As Farideh Farhi notes, most of the people who are objecting to letters being sent to the Iranian supreme leader previously objected in the same way to having any diplomacy with Iran at all, diplomacy that already has achieved major restraints on Iran’s nuclear program that years of non-communication were unable to achieve.

Then there is the crude, unthinking primitiveness of slapping a label of enemy on someone and acting as if the mere label is sufficient reason not to do any business with, or even to communicate with, that someone, with no attention whatever being given to the best ways to pursue our own objectives.

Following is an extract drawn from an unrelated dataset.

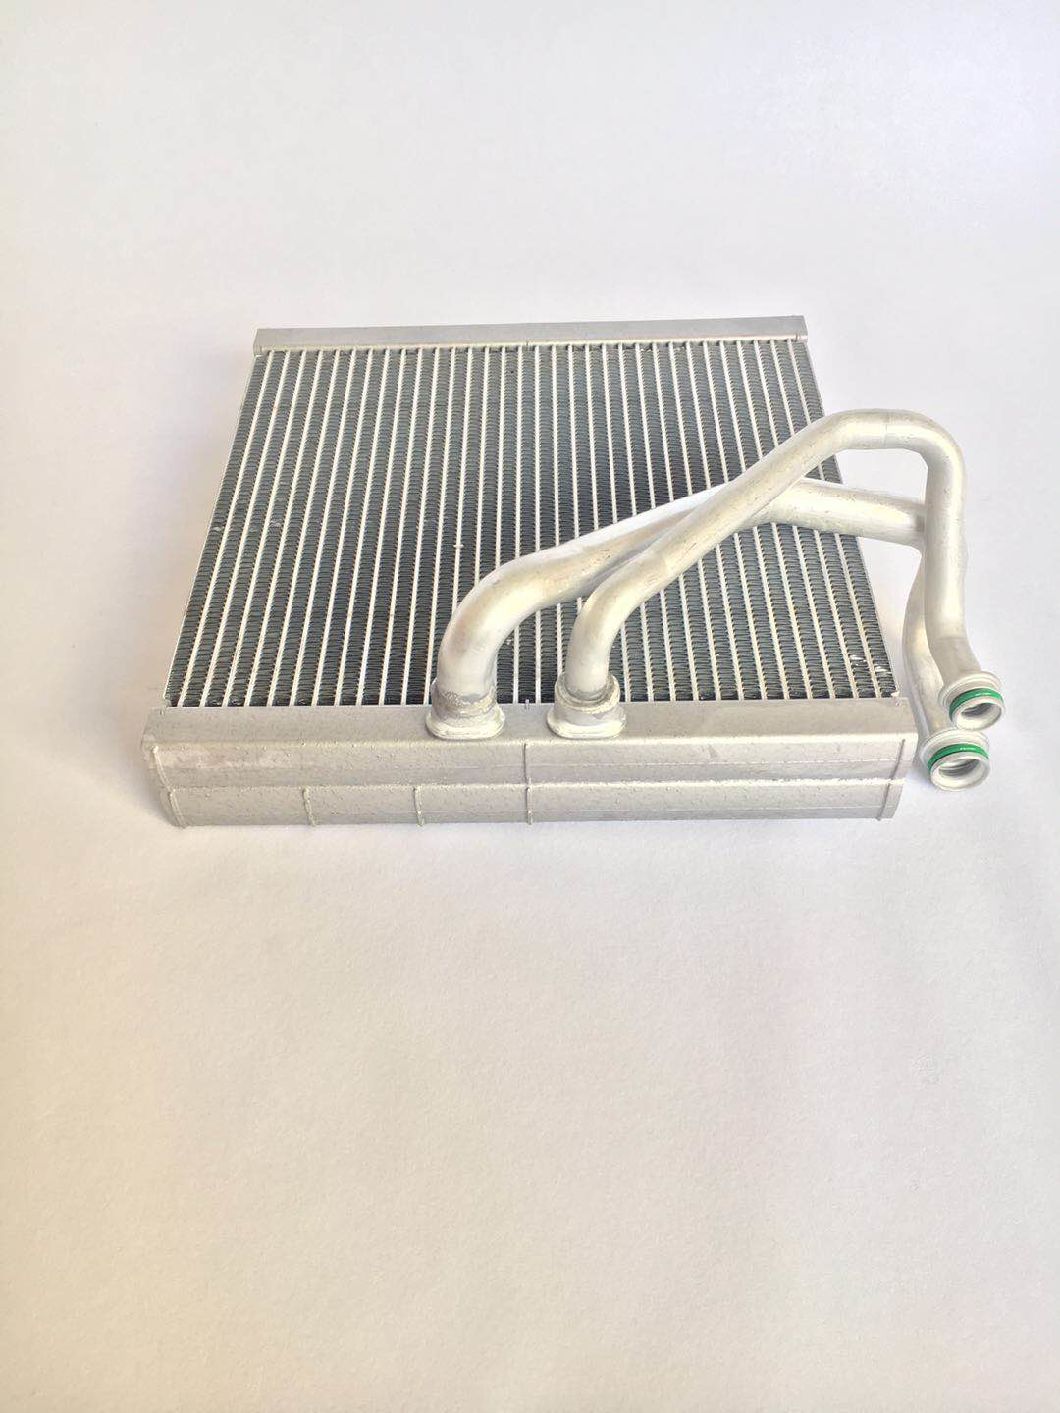 China Aluminum Car Radiator Factory for Auto Cooling System

Thus we have John (“bomb, bomb, bomb Iran”) McCain saying that “they [Iran] are our enemy” and that any U.S. foreign policy that deals with Iran is “off the rails.” And we have Mitt Romney saying that sending the letter was “so far beyond the pale, I was stunned. I was speechless. The right kind of approach in dealing with Iran is that we consider them a pariah, their leaders are shunned.”

The label-making approach to foreign policy, represented by these comments, helps to satisfy the urges of those who for their own reasons need an enemy and for whom Iran has long filled that role, but it certainly is not a good way to advance U.S. interests.

Before we move beyond this most recent bit of primitivism, however, there is a lesson here regarding linkage, leverage, and the deployment of U.S. resources on matters on which U.S. interests parallel those of other states.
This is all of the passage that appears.